I’m pleased to note that Union Station is getting a rehab, a long over-due rehab, opening up hidden rooms and so forth. Can’t wait – Union Station is such an iconic Chicago building, yet it has been seemingly neglected for a while, probably due to the inexplicable animosity the GOP has towards Amtrak and passenger trains in general.
John Hilkevitch reports:
Amtrak is betting millions of dollars to transform Union Station into an entertainment and tourist destination, complete with restaurants and outdoor cafes, retail, a hotel and even a grocery store, Getting Around has learned.
Amtrak wants to open up thousands of square feet of space long closed to the public, literally throwing open the doors to the 90-year-old building in a bid to return the landmark station to its heyday in the 1940s and ’50s.
Hidden deep inside Union Station are palatial rooms with 33-foot-high ceilings and assorted alcoves that have been mothballed for decades. During the golden age of passenger rail, those spaces were filled with ritzy restaurants, coffee shops (including the fabled Harvey House), a dance hall, tailoring shops specializing in custom suits, law offices and more.
Behind locked doors is the former Women’s Waiting Room, adorned with murals dating to the station’s opening in 1925, a period when female passengers would take refuge from the rough-and-tumble of traveling alone and freshen up during a stopover in Chicago by using pay showers.

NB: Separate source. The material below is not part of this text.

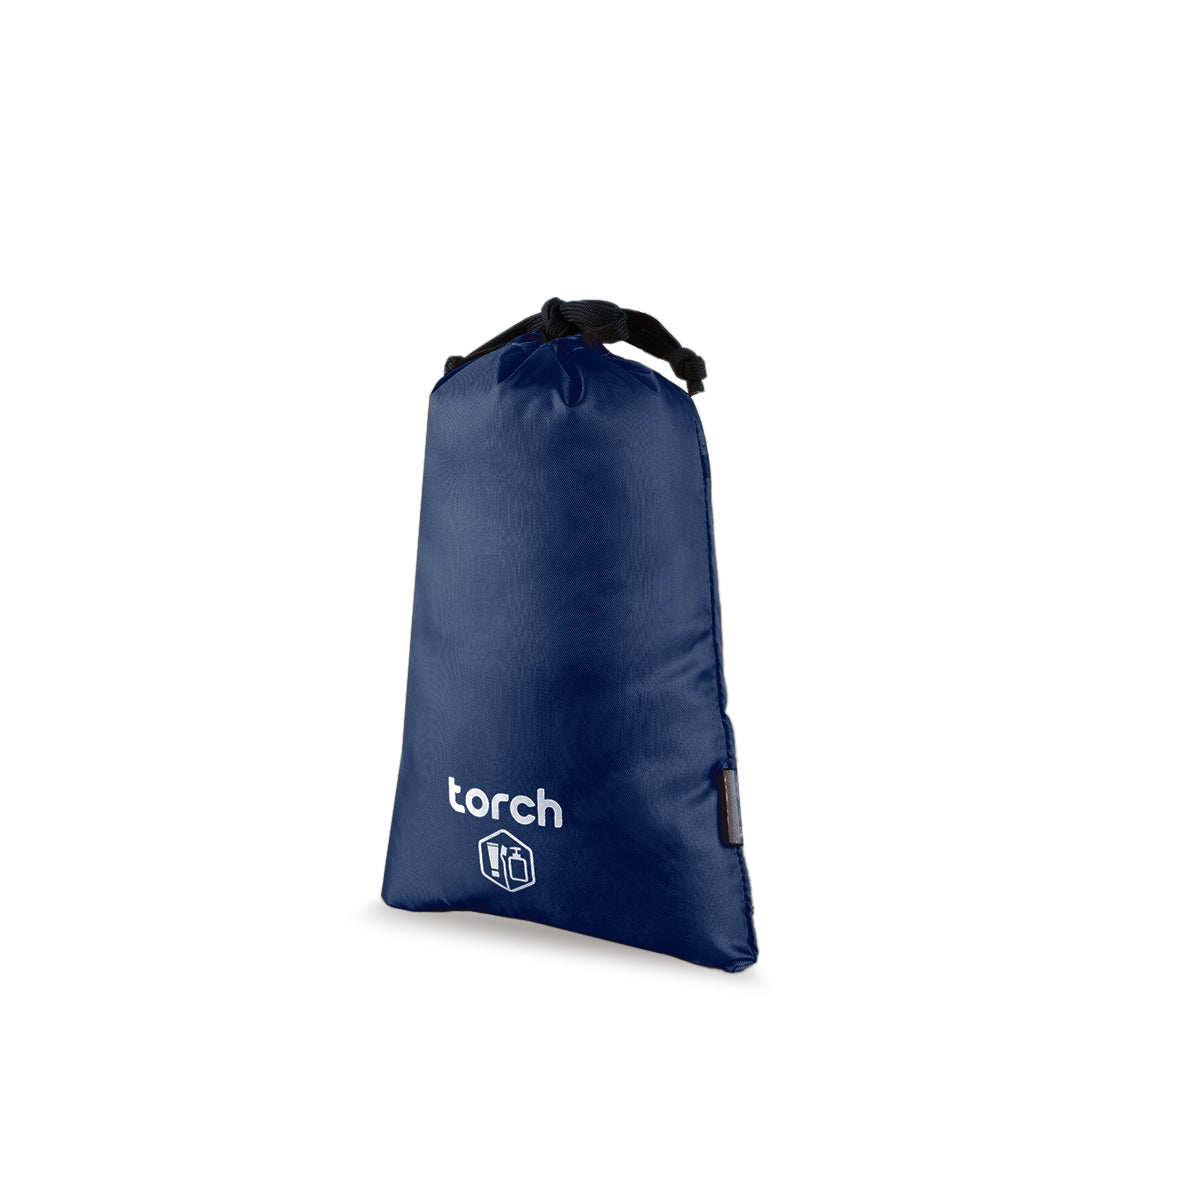 Paket Gratis - Ishikari Backpack Gratis Dafi Drawsting Bag Small + Dafi Multi Pouch M
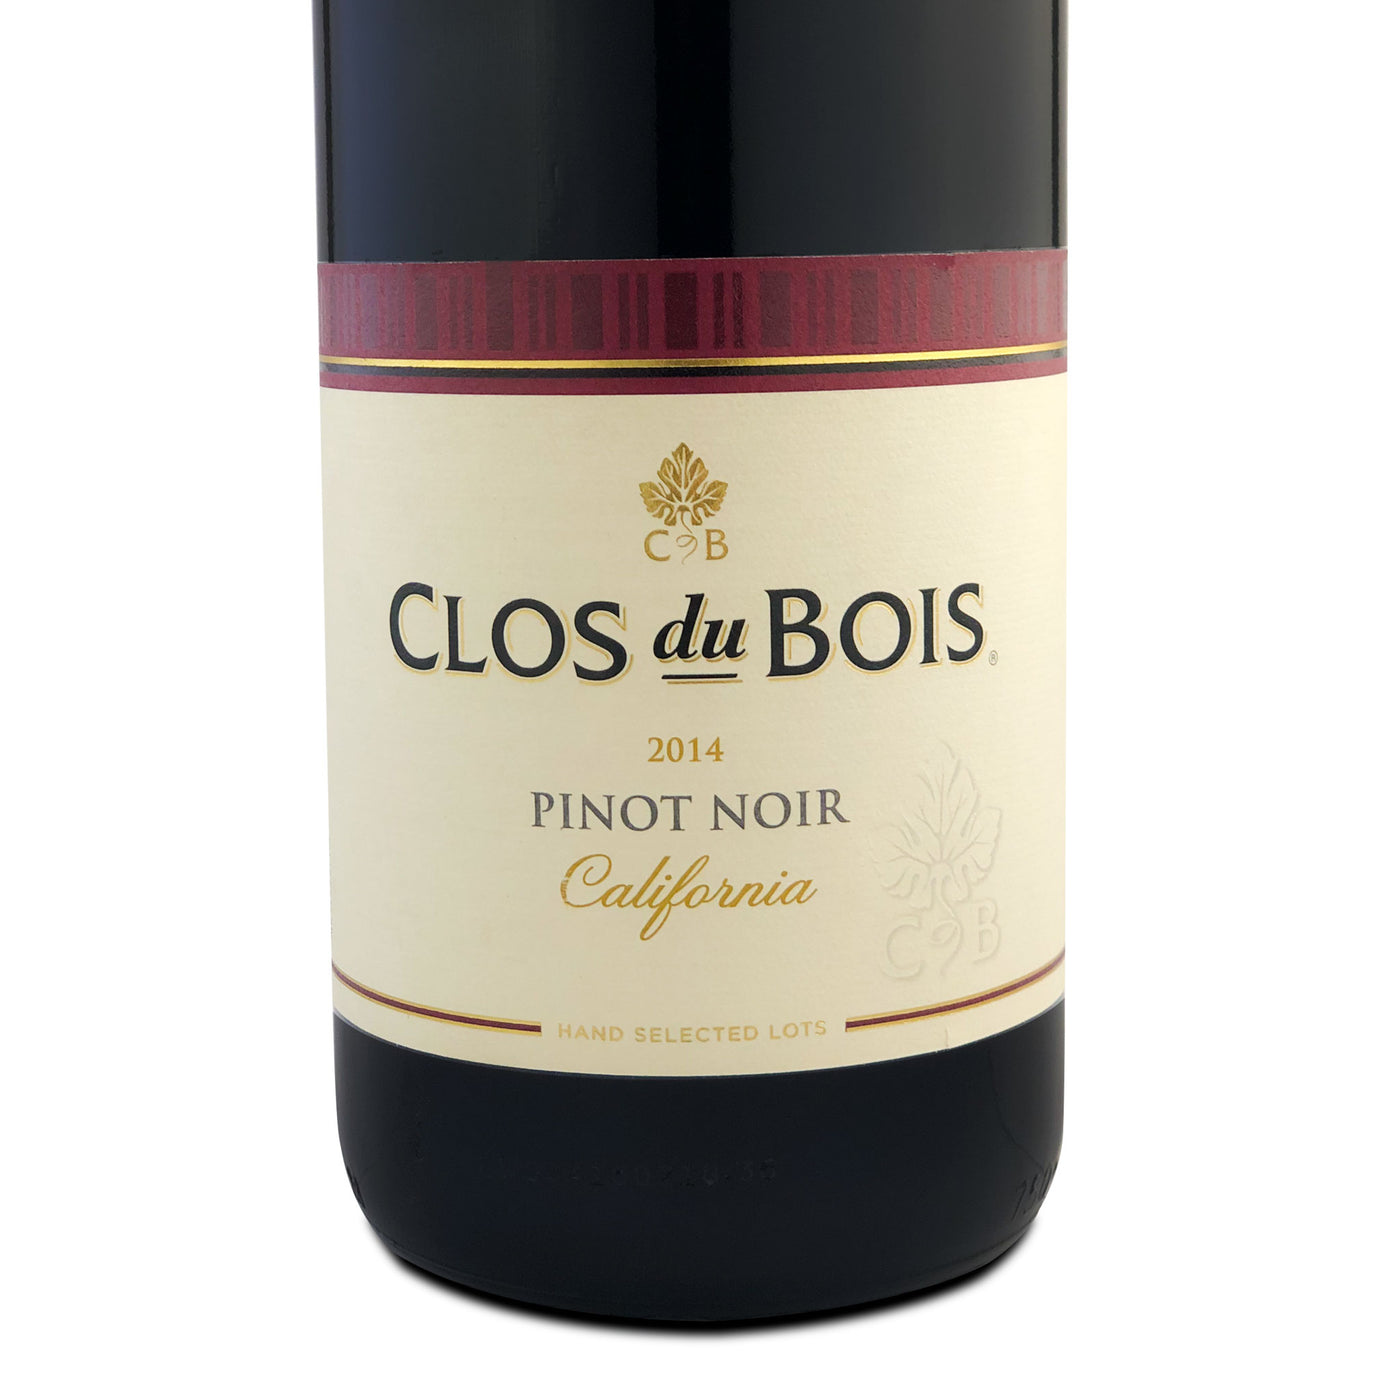 Clos du Bois Pinot Noir 2014

Other hidden spaces, tucked behind the station’s marble walls and ornamental iron bars that cover part of the building’s facade, collect dust. Some of Union Station’s doors fronting Canal Street, potential portals to outdoor cafes, haven’t been cracked open in years, officials said.
Sanders said a well-known high-end grocery chain has expressed interest in opening a food emporium at Union Station. Sanders also said he envisions a hotel on the station’s second floor, with the hotel entrance and marquee on Adams Street between Canal and Clinton streets. He’s already dreaming about reinstalling canopies that once gracefully draped the entrances to Union Station, he said.
(click here to continue reading Amtrak plans Union Station makeover – Chicago Tribune.)
Either Whole Foods or Mariano’s, I’d guess, even though both have stores nearby on Halsted.
And I should pop over, and snap a few photos of the staircase in its current worn condition, just for posterity.
In the meantime, the Canal Street entrances will be closed for more than two months starting around July 15, when work is scheduled to begin to replace both sets of the worn marble steps connecting the Great Hall to the station’s main entrance on Canal, where CTA buses stop. The combination deli and bar under the steps has closed in preparation for the work.
The friction from countless pairs of shoes over the years has effectively sanded down the marble, creating indentations on the treads of the steps, which display the most wear and tear near the brass railings.
The grand staircases are famous in their own right, having been filmed and photographed repeatedly in images seen around the world. There’s a dramatic scene in the 1987 film “The Untouchables” where Kevin Costner, playing mob crime fighter Eliot Ness, exchanges gunfire with Al Capone’s gang while a runaway baby carriage rolls bump by bump down the marble stairs.
New marble for the steps was recently cut out of the same quarries near Rome where 100 years ago the marble for the original Union Station steps was mined, Sanders said.